WEBSITE: To view the press release or any additional financial information, please visit the Investor Relations section of the ViXS website at: https://www.vixs.com/ir–presentations/

About ViXS Systems Inc.

ViXS is a pioneer and market leader in designing revolutionary media processing semiconductor solutions for video over IP streaming solutions, with over 470 patents issued and pending worldwide, numerous industry awards for innovation, and over 33 million media processor shipped to date. ViXS is driving the transition to Ultra HD 4K across the entire content value chain by providing professional and consumer grade chipsets that support the new High Efficiency Video Coding (HEVC) standard up to Main 12 Profile, reducing bandwidth consumption by 50% while providing the depth of color and image clarity needed to take advantage of higher–resolution content. ViXS' XCodePro 300 family is ideal for Ultra HD 4K infrastructure equipment, and the XCode 6000 family of system–on–chip (SoC) products achieve unprecedented levels of integration that enable manufacturers to create cost–effective consumer entertainment devices.

ViXS is headquartered in Toronto, Canada with offices in Europe, Asia and North America.
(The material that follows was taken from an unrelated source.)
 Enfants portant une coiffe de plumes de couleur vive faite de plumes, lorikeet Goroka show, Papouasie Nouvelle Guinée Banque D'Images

VIXS™, the ViXS® logo, XCode®, XCodePro™, XConnex™ and Xtensiv™ are trademarks and/or registered trademarks of ViXS. Other trademarks are the property of their respective owners. For more information on ViXS, visit our website: www.vixs.com.
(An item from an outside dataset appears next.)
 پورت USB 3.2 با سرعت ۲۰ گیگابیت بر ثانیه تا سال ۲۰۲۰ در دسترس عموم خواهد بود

Forward–Looking Statements in this press release that are not historical facts constitute “forward–looking statements” within the meaning of applicable securities laws. Such statements include, but are not limited to, statements regarding ViXS' projected revenues, gross margins, earnings, growth rates, the impact of new product design wins, market penetration and product plans. The use of terms such as “may,” “anticipated,” “expected,” “projected,” “targeting,” “estimate,” “intend” and similar terms are intended to assist in identification of these forward–looking statements. Readers are cautioned not to place undue reliance upon any such forward–looking statements. Such forward–looking statements are not promises or guarantees of future performance and involve both known and unknown risks and uncertainties that may cause ViXS' actual results to be materially different from historical results or from any results expressed or implied by such forward–looking statements.